**Task to carry out**
Only the lines from the line that contains "This is a hard" through the final line of the entries below belong in your answer, copied exactly and without pictures.

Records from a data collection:
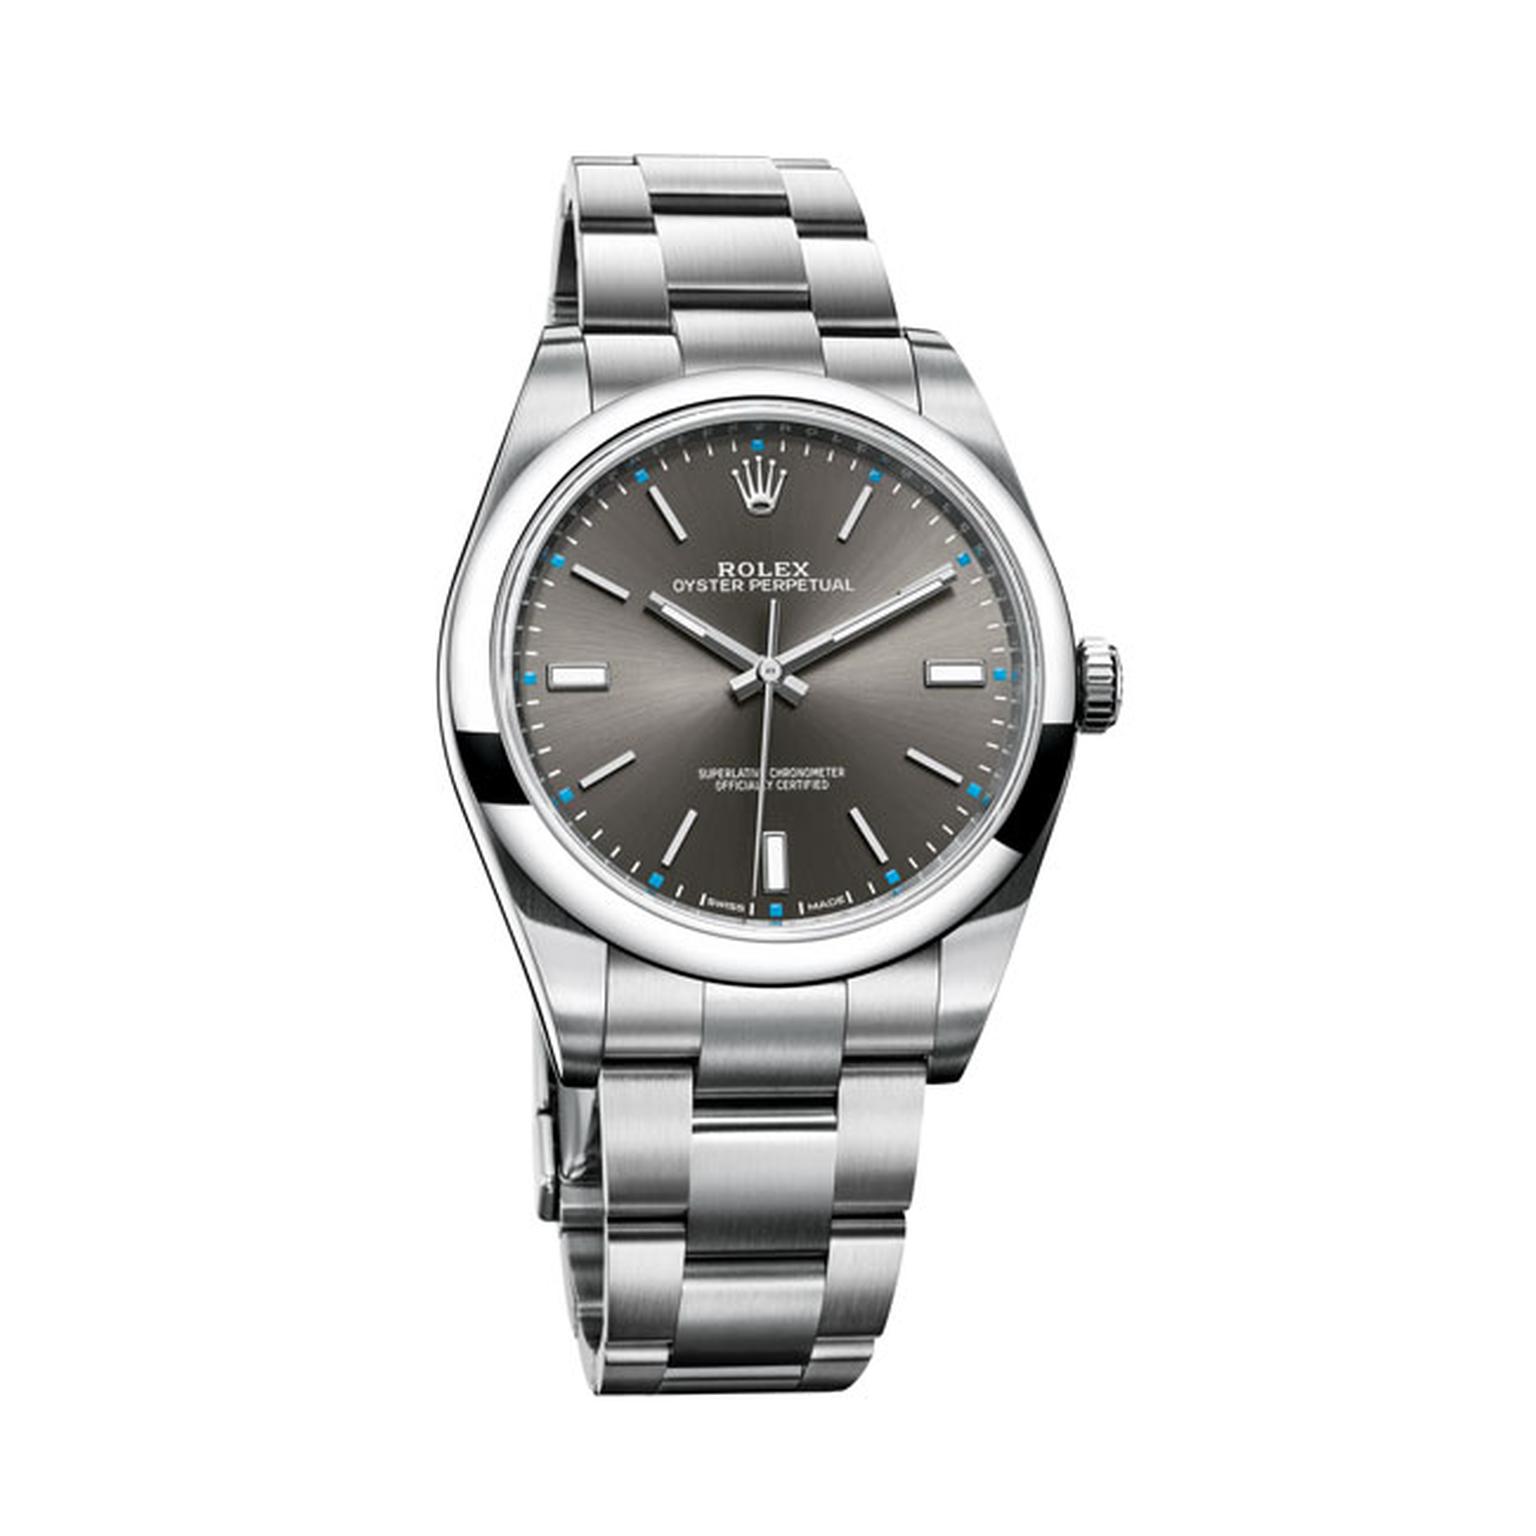 Rolex Oyster Perpetual 39mm watch
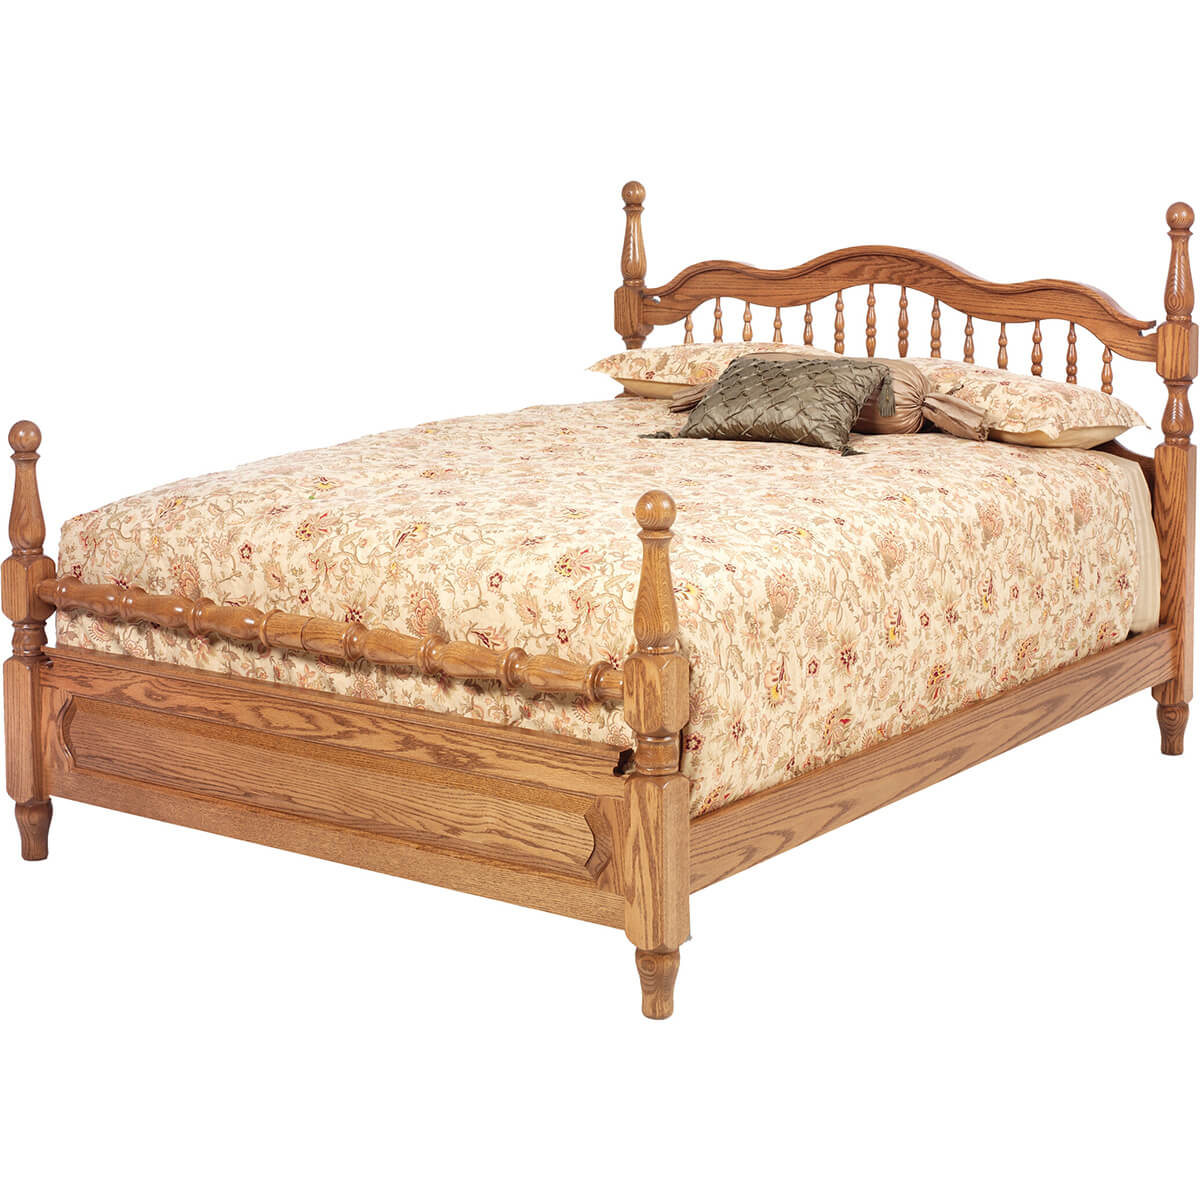 Read more about the article Sierra Classic Sierra Crest Bed
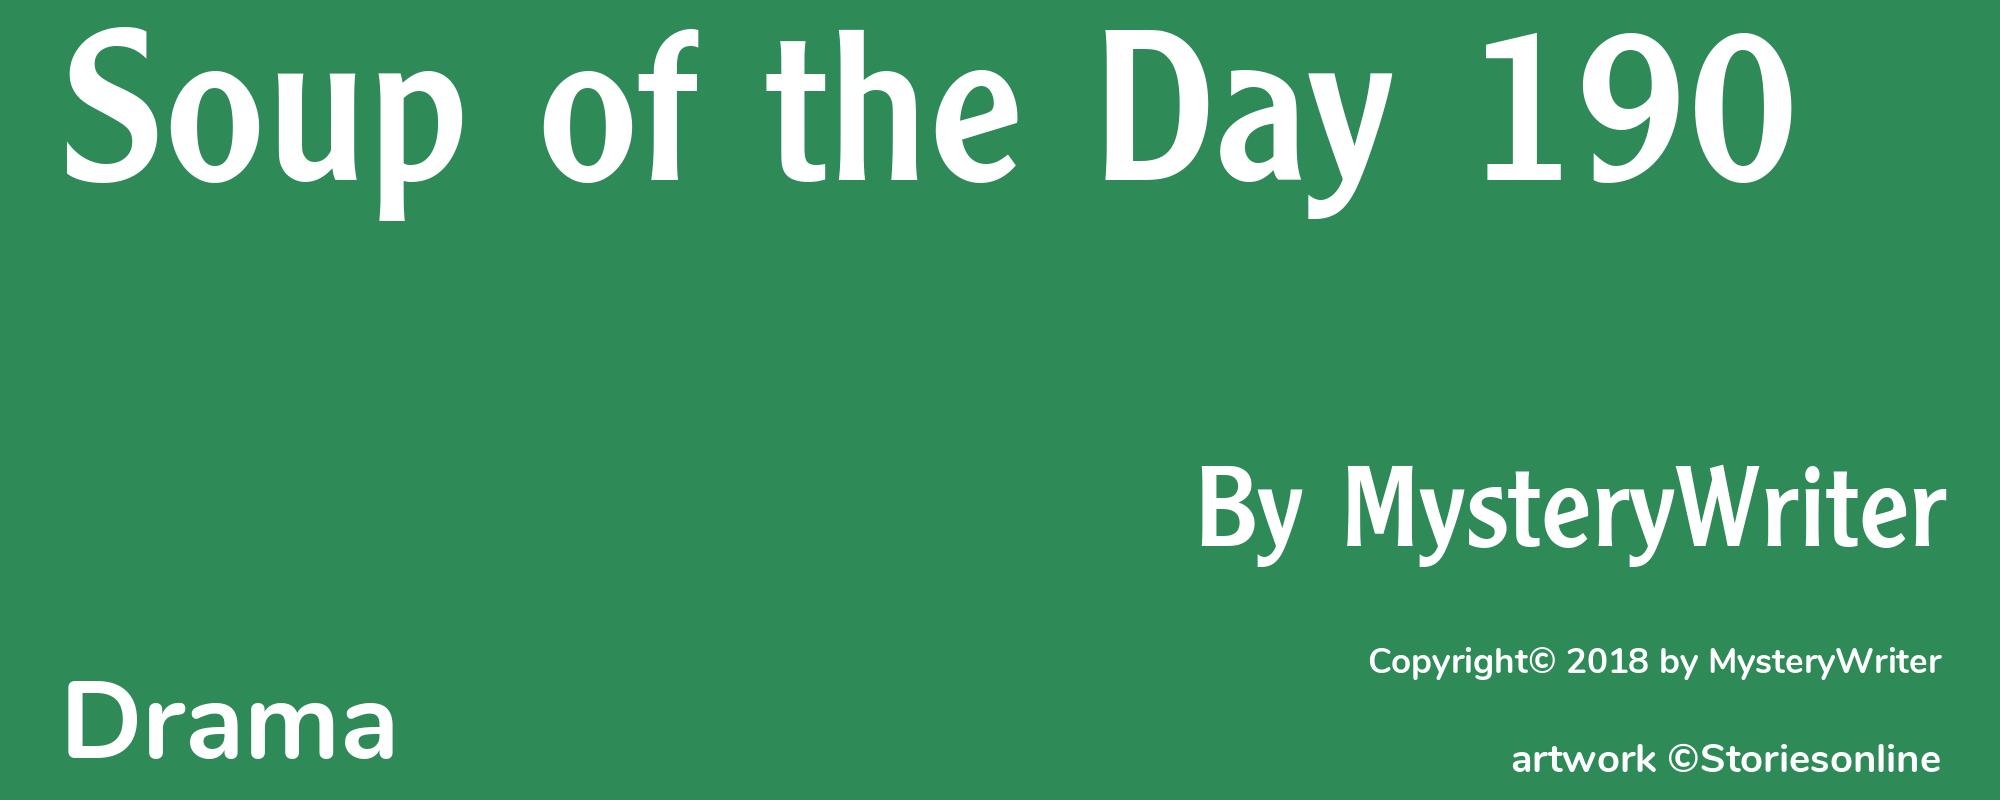 Soup of the Day 190 - Cover
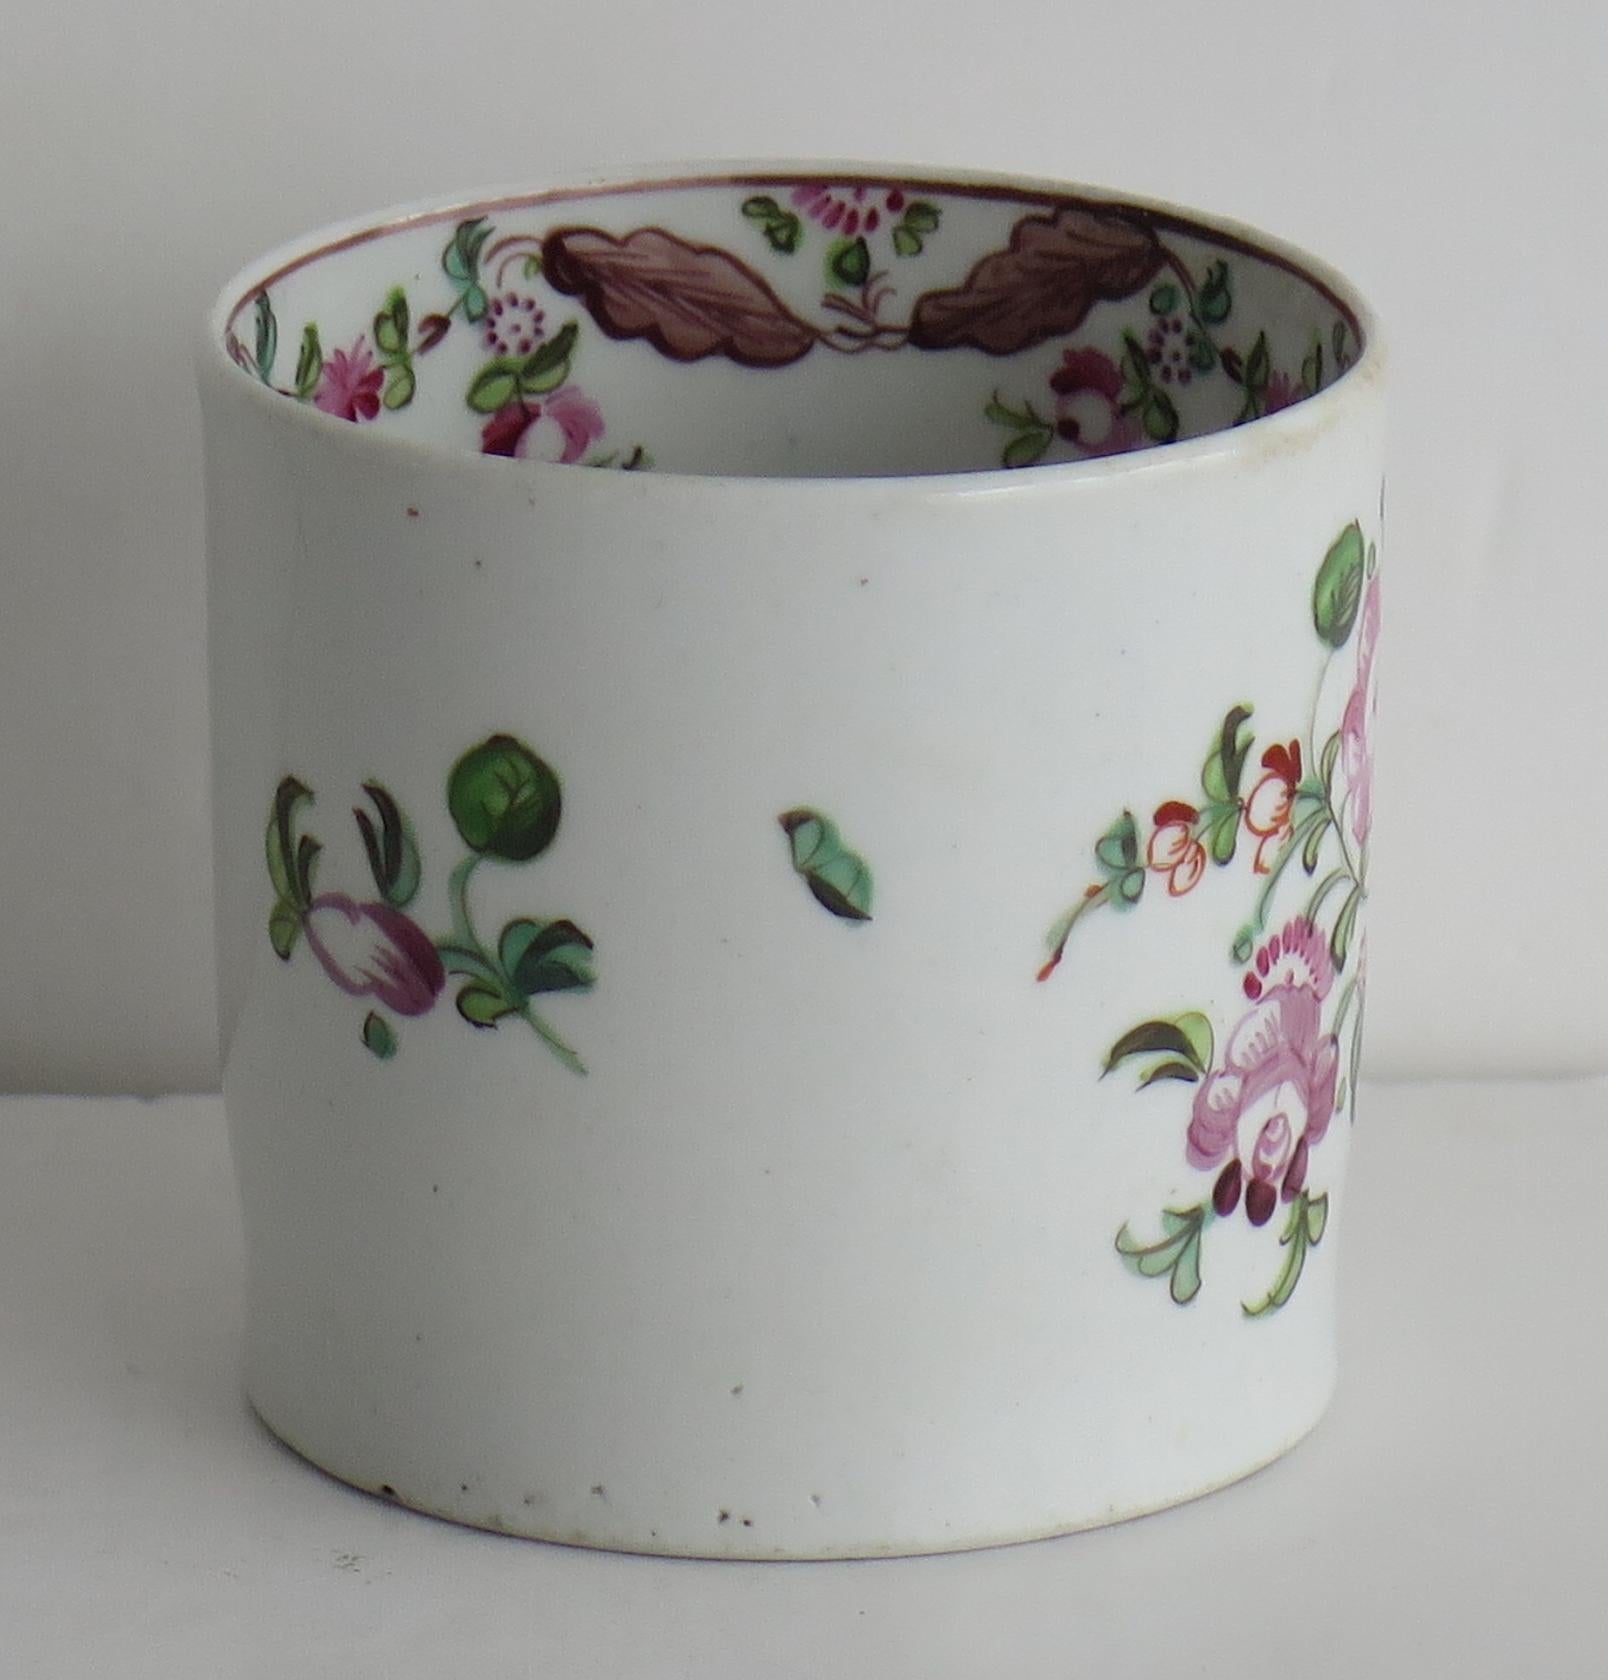 This is a hard paste porcelain coffee Can by New Hall, dating to the turn of the 18th century, George 111rd period, circa 1800.

The piece is well potted of hard paste porcelain on a low foot with a loop handle having rounded attachments.

The

**Task output**
 This is a hard paste porcelain coffee Can by New Hall, dating to the turn of the 18th century, George 111rd period, circa 1800.

The piece is well potted of hard paste porcelain on a low foot with a loop handle having rounded attachments.

The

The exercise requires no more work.